The prototype I’m driving is equipped with the M adaptive suspension, which handles Algarve’s ceaseless torrent of varying road surface with aplomb. Especially with the standard limited-slip differential and all-wheel drive, the M340i is extremely controllable and balanced even when pushed hard through tight corners, making it a truly approachable car that’s straightforward to warm up to. But there’s no getting around the fact that the car feels heavy, unlike the rear-drive 330i with its four-cylinder turbo. Of the two, the 330i was more engaging as a driver’s car, despite the M340i’s undeniably delicious straight-six. A small gift for North America is that we are the only market where BMW will sell a rear-drive M340i, which has the potentially to be the best car of the bunch.
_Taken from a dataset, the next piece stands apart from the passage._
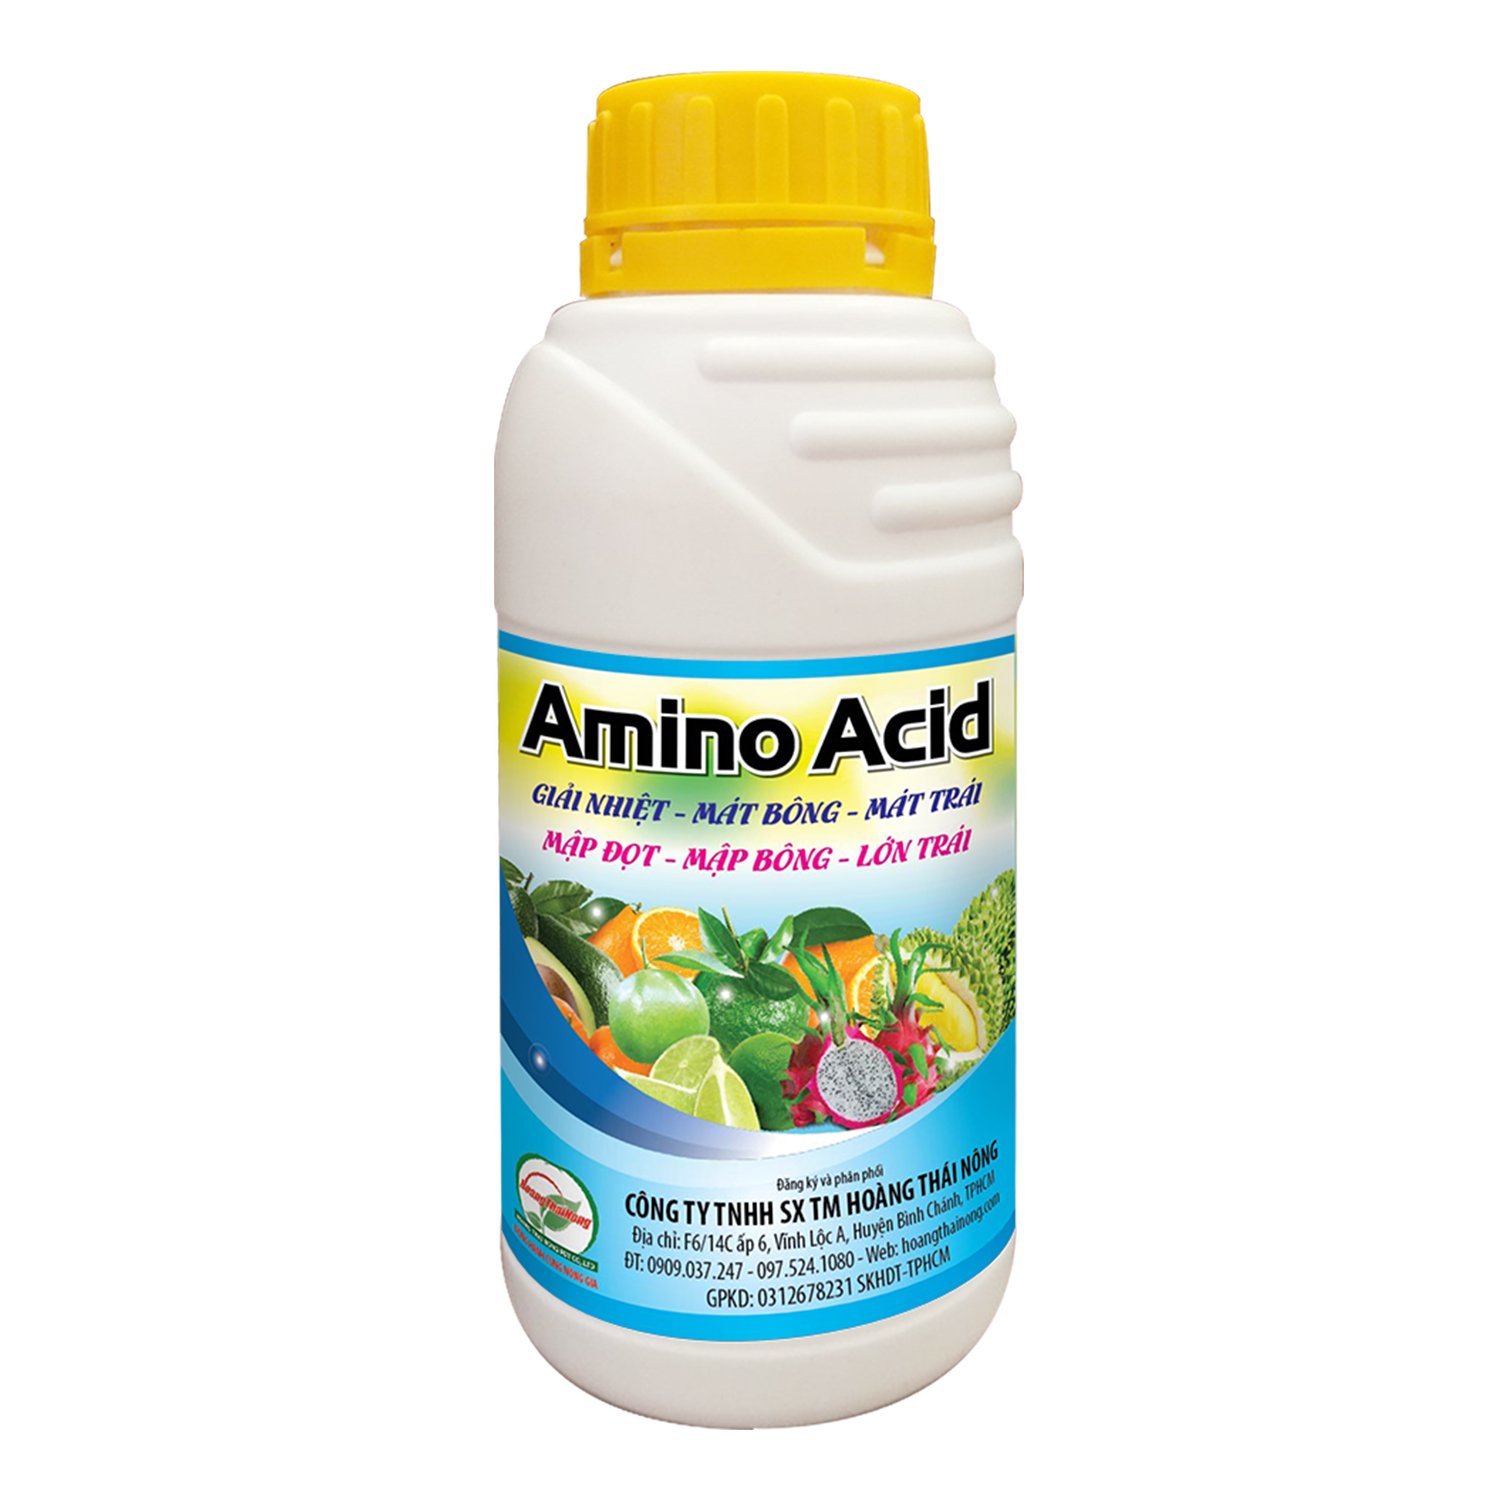 Amino Acid 500ml - Kích thích mập thân, mập đọt

Until we get the 2019 BMW 3 Series on public roads here in the U.S., and the opportunity to drive one without the stiffer sport suspension and variable sport steering, it’s hard to say if this Bimmer is once again the sport sedan benchmark. Alfa Romeo’s Giulia still exhibits the best ride-handling balance in the competitive set, although any serious luxury car customer would have to care a lot more about driving dynamics than interior amenities (or a reputation for quality) to justify one. For now, I’ll say there are ways to spec your 3 Series in a way that feels like the marque has its mojo back. When it goes on sale in March, starting at $41,195 including destination, we’ll see if the 3 Series writ large can do the nameplate proud.